Der Arbeitsmarkt im Bezirk Salzburg-Umgebung zeigt sich weiterhin robust, auch wenn die Zahl der Arbeitslosen gegenüber dem Vorjahr leicht zugelegt hat. Laut Angaben des Arbeitsmarktservice Salzburg-Umgebung waren Ende Juli 2026 insgesamt 2.448 Personen arbeitslos vorgemerkt – ein Plus von 75 Personen beziehungsweise 3,2 Prozent gegenüber dem Juli des Vorjahres. Mit einer Arbeitslosenquote von rund 3,3 Prozent liegt der Flachgau jedoch weiterhin unter dem Salzburger Landesdurchschnitt von etwa 3,8 Prozent.
Ursachen und Folgen
Das AMS führt den leichten Anstieg auf die anhaltend verhaltene Konjunktur zurück.
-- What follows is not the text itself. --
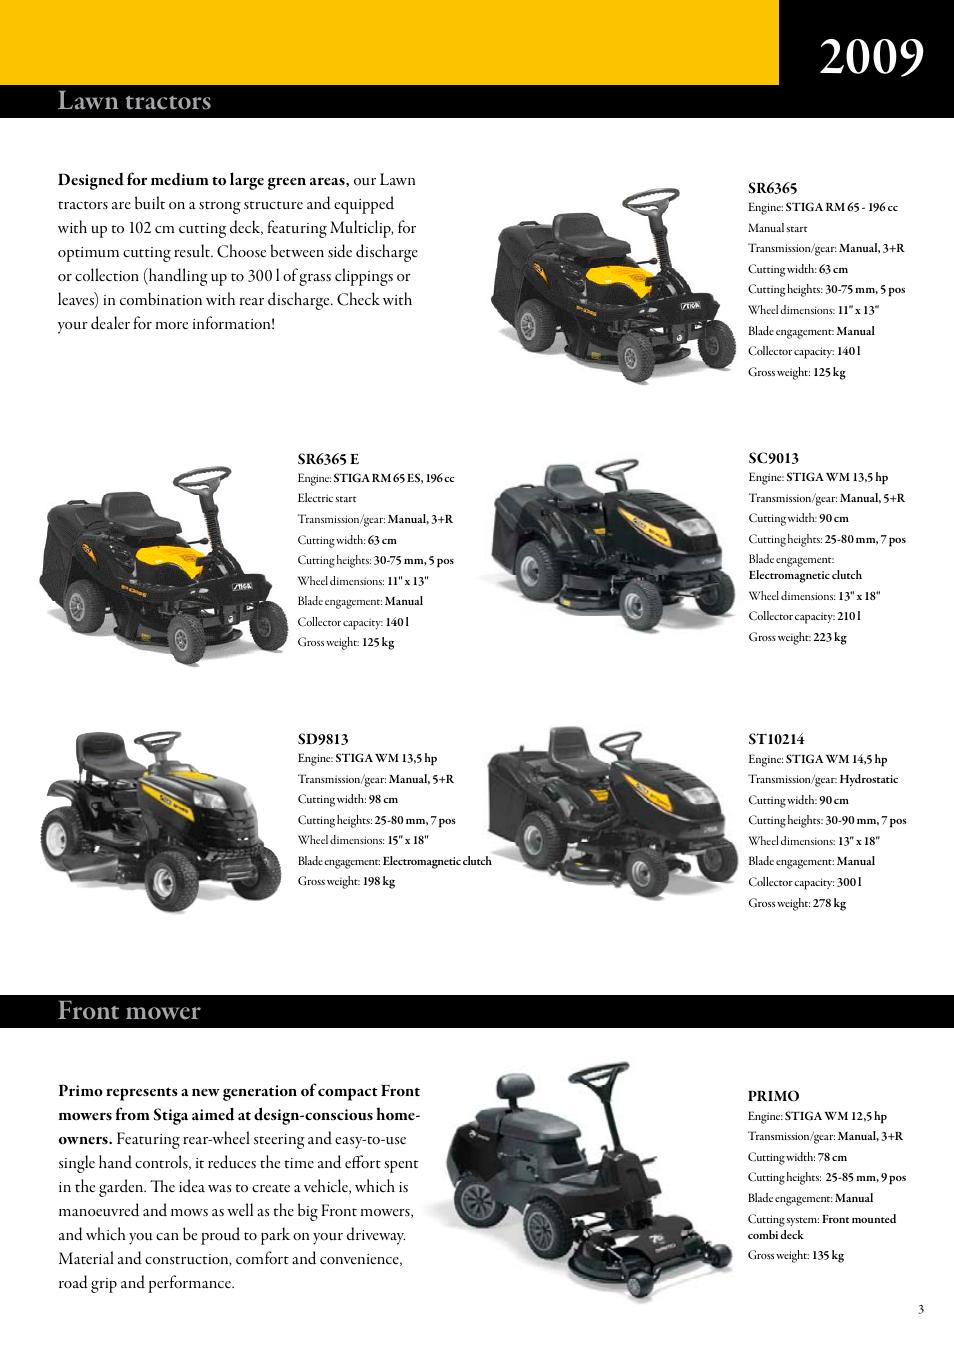 Lawn tractors, Front mower | Stiga Lawn tractors User Manual | Page 3 / 8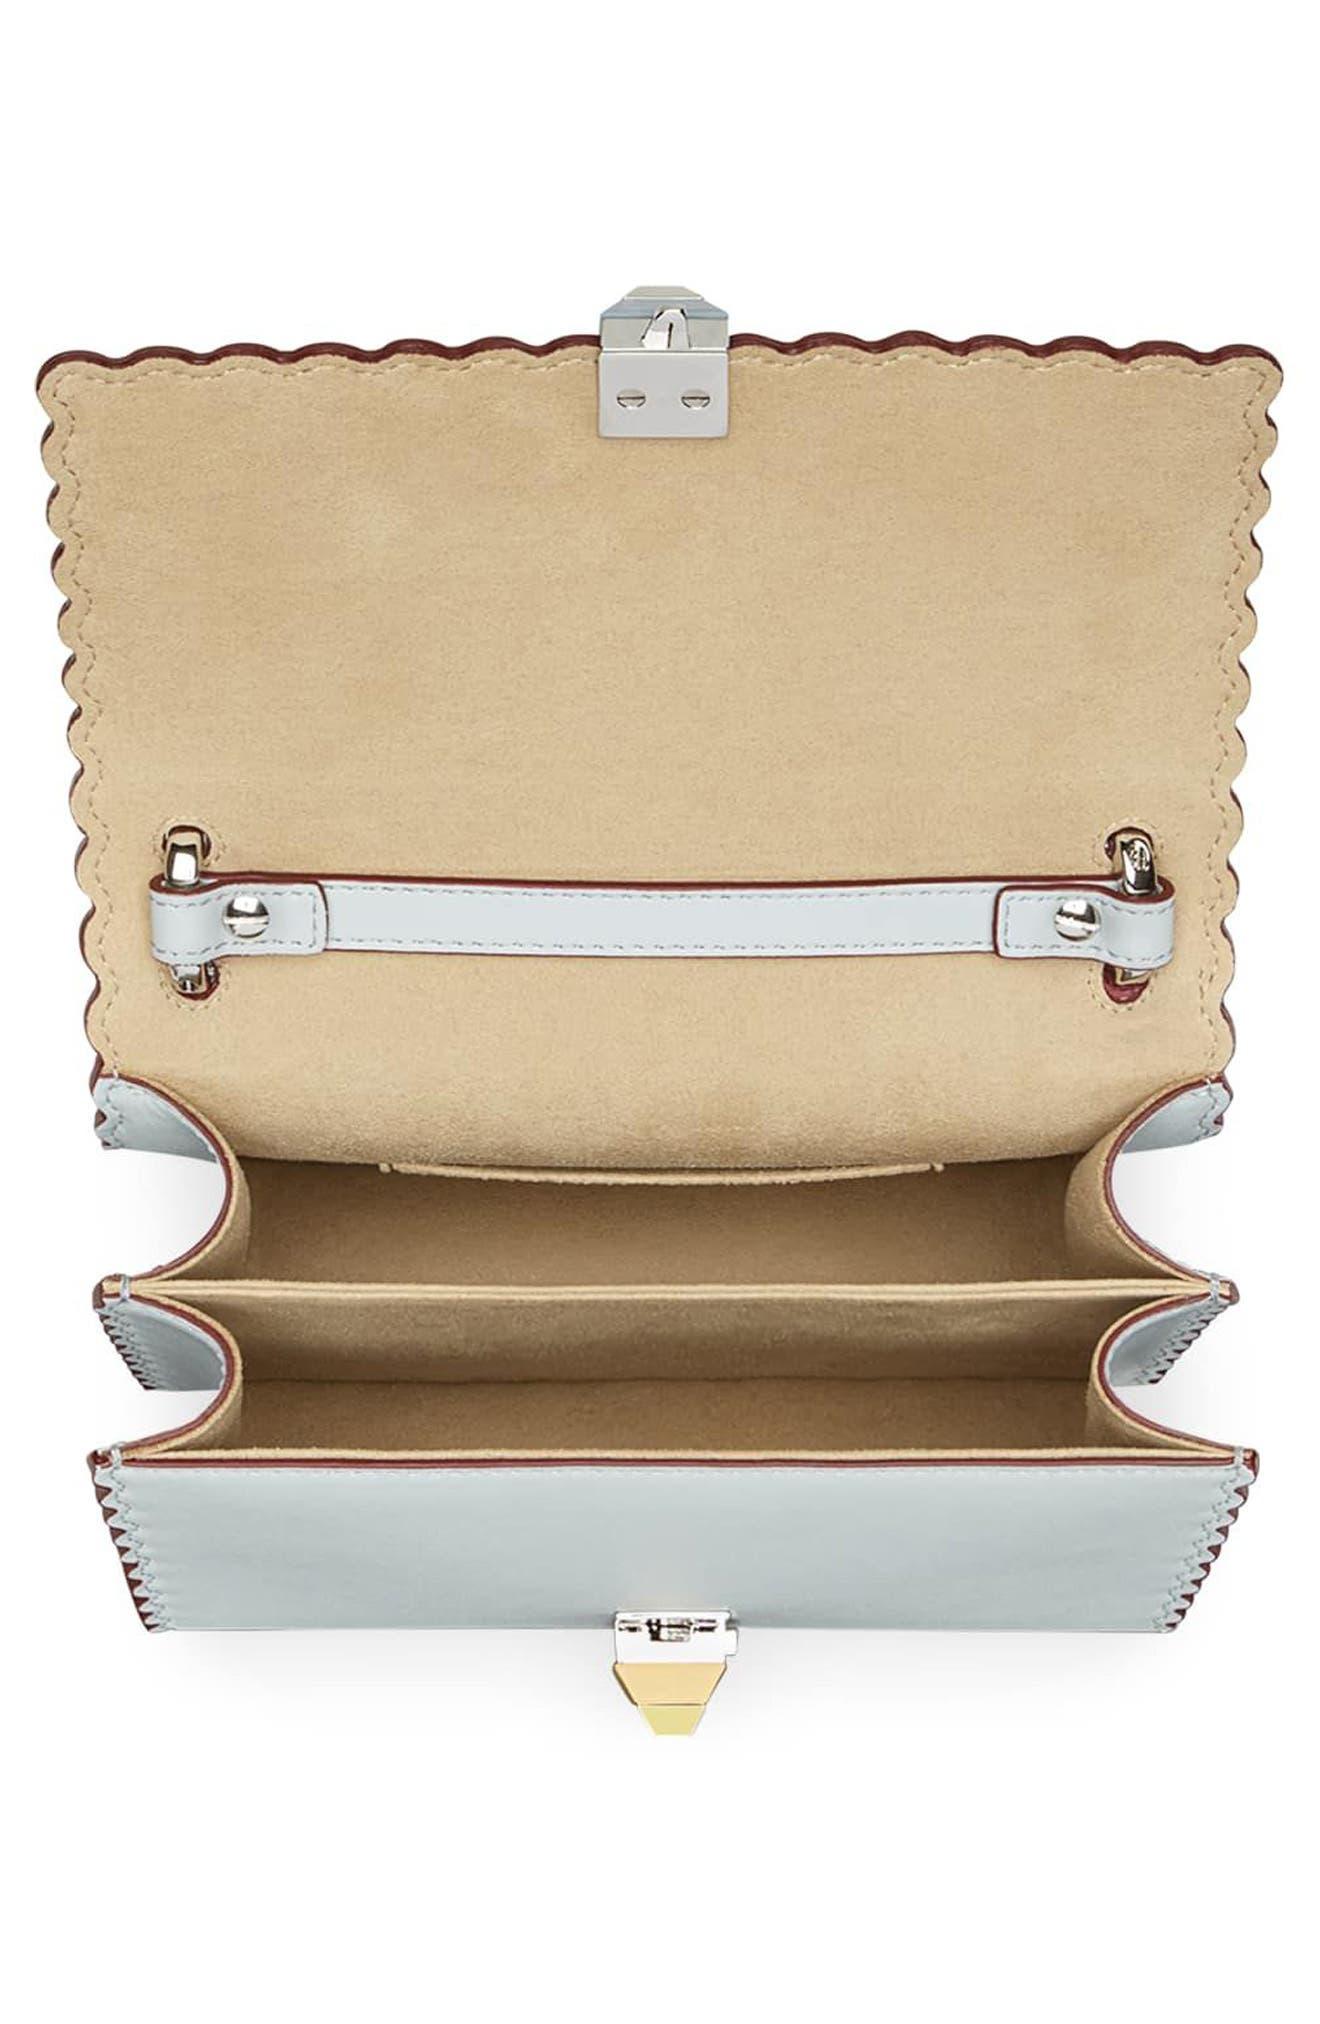 Mini Kan I Scalloped Leather Shoulder Bag,                             Alternate thumbnail 3, color,                             Grigio Perla/ Palladio

Viele Betriebe agierten derzeit bei Neueinstellungen vorsichtig, wodurch die Dynamik am lokalen Arbeitsmarkt nachlasse. Betroffen seien sowohl Frauen als auch Männer, wenngleich die Entwicklung je nach Altersgruppe unterschiedlich ausfällt.
„Die wirtschaftliche Abschwächung wirkt sich zunehmend auf das Einstellungsverhalten der Betriebe aus. Umso wichtiger ist es, Menschen gezielt zu qualifizieren und Unternehmen bestmöglich bei der Personalsuche zu unterstützen“ — Manuela Seidl, Geschäftsstellenleiterin AMS Salzburg-Umgebung
Geschlechtsspezifische und altersbezogene Details
Ende Juli waren 1.214 Frauen arbeitslos gemeldet, ein Anstieg um 40 Personen (3,4 Prozent) gegenüber dem Vorjahr. Bei den Männern stieg die Zahl um 35 Personen (2,9 Prozent) auf 1.124 Arbeitslose.
Bei den jungen Menschen zeigen sich konträre Trends: Die Arbeitslosigkeit der unter 25-Jährigen Frauen ging im Jahresvergleich um 21,5 Prozent auf 113 Personen zurück. Hingegen stieg die Zahl der jungen Männer in derselben Altersgruppe um 15 Prozent auf 169 Personen.
Lehrstellenmarkt bleibt günstig
Ein positives Signal kommt vom Ausbildungsmarkt: Der Lehrstellenmarkt im Flachgau ist laut AMS weiterhin aufnahmefähig. Aktuell stehen 136 offene Lehrstellen lediglich 92 Lehrstellensuchenden gegenüber. Das bedeutet für Jugendliche gute Chancen, rasch eine berufliche Ausbildung zu beginnen.
- Arbeitslose gesamt: 2.448
- Frauen: 1.214 (↑ 40)
- Männer: 1.124 (↑ 35)
- Lehrstellen: 136 offene gegenüber 92 Suchenden
| Gruppe | Zahl | Veränderung gg. Vorjahr |
|---|---|---|
| Gesamt | 2.448 | +75 (3,2%) |
| Frauen | 1.214 | +40 (3,4%) |
| Männer | 1.124 | +35 (2,9%) |
| Frauen <25 | 113 | -21,5% |
| Männer <25 | 169 | +15% |
Für Beschäftigte und Betriebe im Bezirk bedeutet das: Kurzfristig besteht in vielen Branchen weiterhin Bedarf an qualifizierten Arbeitskräften, gleichzeitig bleiben Einstellungen verhaltener. Für junge Menschen eröffnen sich derzeit günstige Einstiegsmöglichkeiten in die Lehrausbildung. Für Ratsuchende empfiehlt das AMS, die lokalen Beratungs- und Qualifizierungsangebote in Anspruch zu nehmen, um die Vermittlungschancen zu erhöhen.